Second, if your intent is to develop FAA limit and ultimate loads for static analysis, then this equation is not for you. The weight distribution fundamentals of the equation are acceptable but you must do much much more. You need to look at each FAA condition, balance the aircraft, calculate the resulting load factors, and then calculate the necessary tail load. For this, you should go to the book by Ted Lomax, AIAA "Structural Loads Analysis for Commercial Transport Aircraft".

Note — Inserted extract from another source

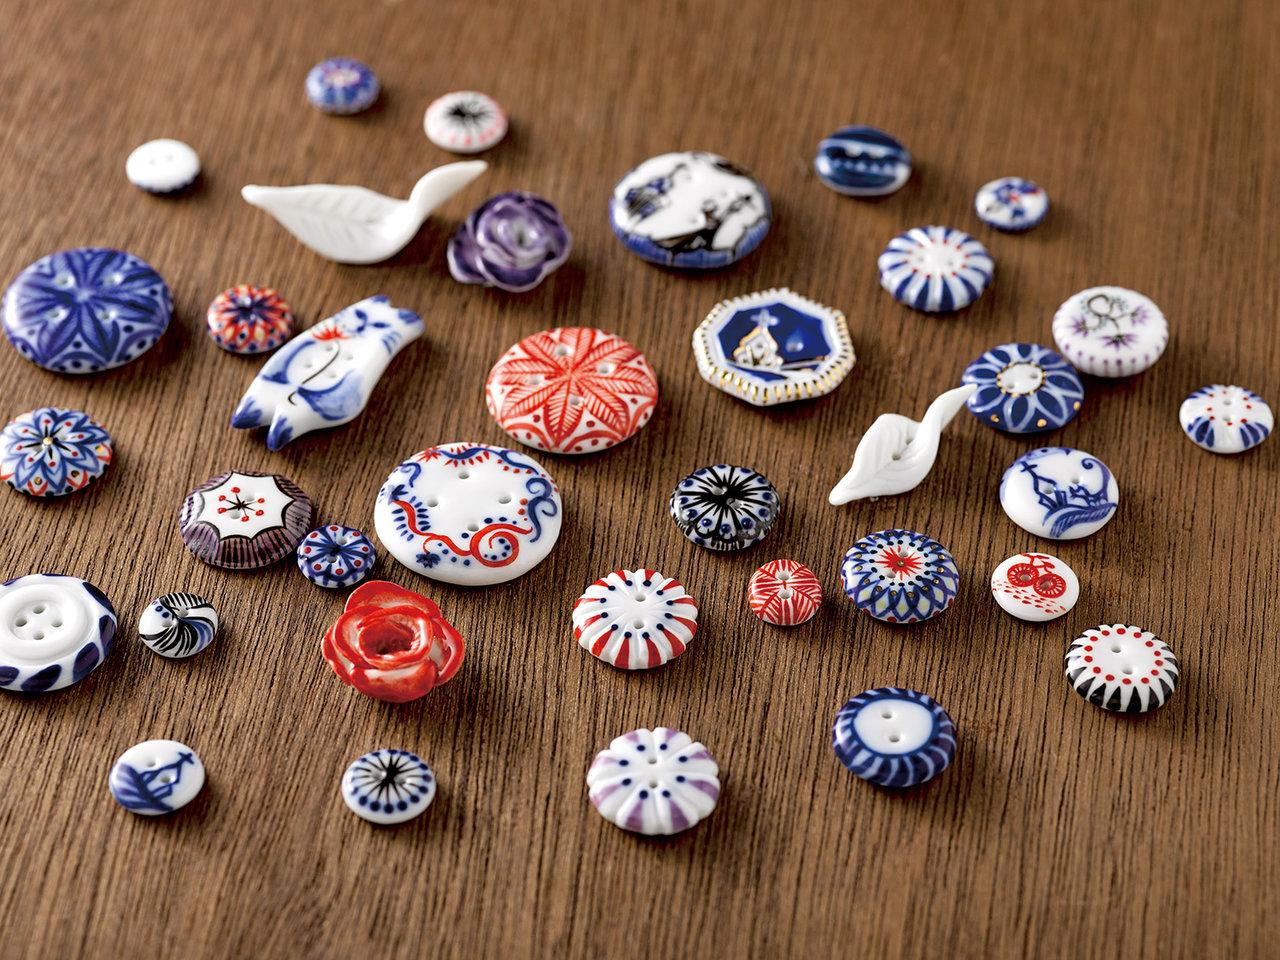 天草陶石の磁器ボタン「天草ボタン」

Lastly, as a DER, I have watched for many years numerous people in the industry make erroneous and inaccurate statements regarding fuselage bending loads and spectra. First off, pressure is absolutely NOT the only driving factor. People have continually tried to simplify the spectrum requirements down to pressure only because they simply don't know or do not have the capability technically to do so. Also, many "simplified" approaches have been presented which are either totally devoid of basis or inaccurate, among them is the so called Chicago method. This method not only starts with Ftu as the basis but then generally assumes a 1.3g alternating load for all aircraft. One look at all of the FAA/DOT Load History documents (over 30 for all various types of aircraft) illustrates that this is not a valid assumption nor representative. There are far too many other issues with this approach for me to go into at this time.

Anyways, as most everyone else has pointed out, you need some experienced level of support for your efforts.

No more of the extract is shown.